= Gaius Fidiculanius Falcula =

Roman senator

Gaius Fidiculanius Falcula (fl. around 70 BCE) was a senator of the late Roman Republic, of the gens Fidiculania. He is known only from the speeches of Cicero.

In 74 BCE, Falcula was one of the judges at the trial of Statius Albius Oppianicus, who was accused of attempting to poison his stepson, Aulus Cluentius Habitus. Falcula was involved in the general indignation that attended the conviction of Oppianicus. The majority of judges who condemned Oppianicus was very small. Falcula was accused by the tribune, Lucius Quintius, of having been illegally balloted into the concilium by Gaius Verres, at that time city praetor, for the express purpose of convicting Oppianicus, of voting out of his proper decuria, of giving sentence without hearing the evidence, of omitting to apply for an adjournment of the proceedings, and of receiving 40,000 sesterces as a bribe from the prosecutor, Cluentius. He was, however, acquitted, since his trial did not take place until after the excitement that followed Oppianicus's verdict, the Judicium Albianum, had in some measure subsided.

But eight years later, in 66 BCE, Falcula was again brought to public notice by Cicero, in his defence of Cluentius, Pro Cluentio. After recapitulating the circumstances of the Judicium Albianum, Cicero asks, if Falcula were innocent, who in the concilium at Oppianicus's trial could be guilty? This equivocal plea inferred, without asserting, the guilt of Falcula, in 74 BCE. In his defence of A. Caecina, in 69 BCE, Cicero ushers in the name of Falcula, a witness against the accused, with ironical pomp, and proceeds to point out gross inconsistencies in Falcula's evidence.

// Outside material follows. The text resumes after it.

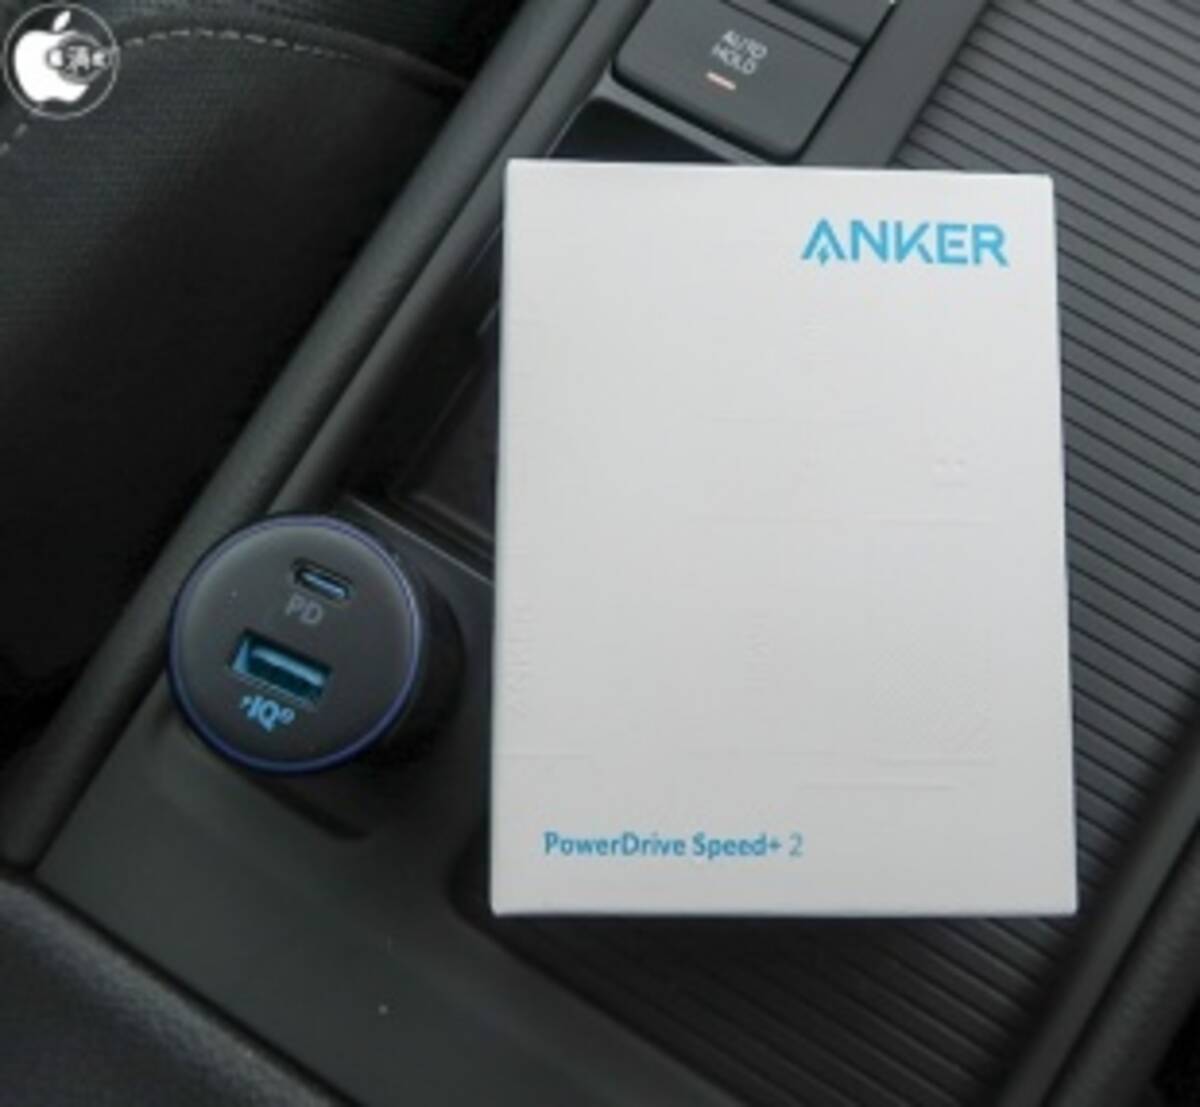 アンカー・ジャパンのカーチャージャー「Anker PowerDrive Speed+2-1 PD  1 PowerIQ 2.0」を試す  (2019年7月5日) - エキサイトニュース

Great uncertainty is thrown over the history of Falcula by the circumstance that it suited Cicero to represent at different times, in different lights, the Judicium Albianum. When Cicero was pleading against Verres, Oppianicus was unjustly condemned, and Falcula was an illegal corrupt judge. When he defended Cluentius, it was necessary to soften the details of the Judicium Albianum. But when he spoke for Caecina, it was his interest to direct public feeling against Falcula.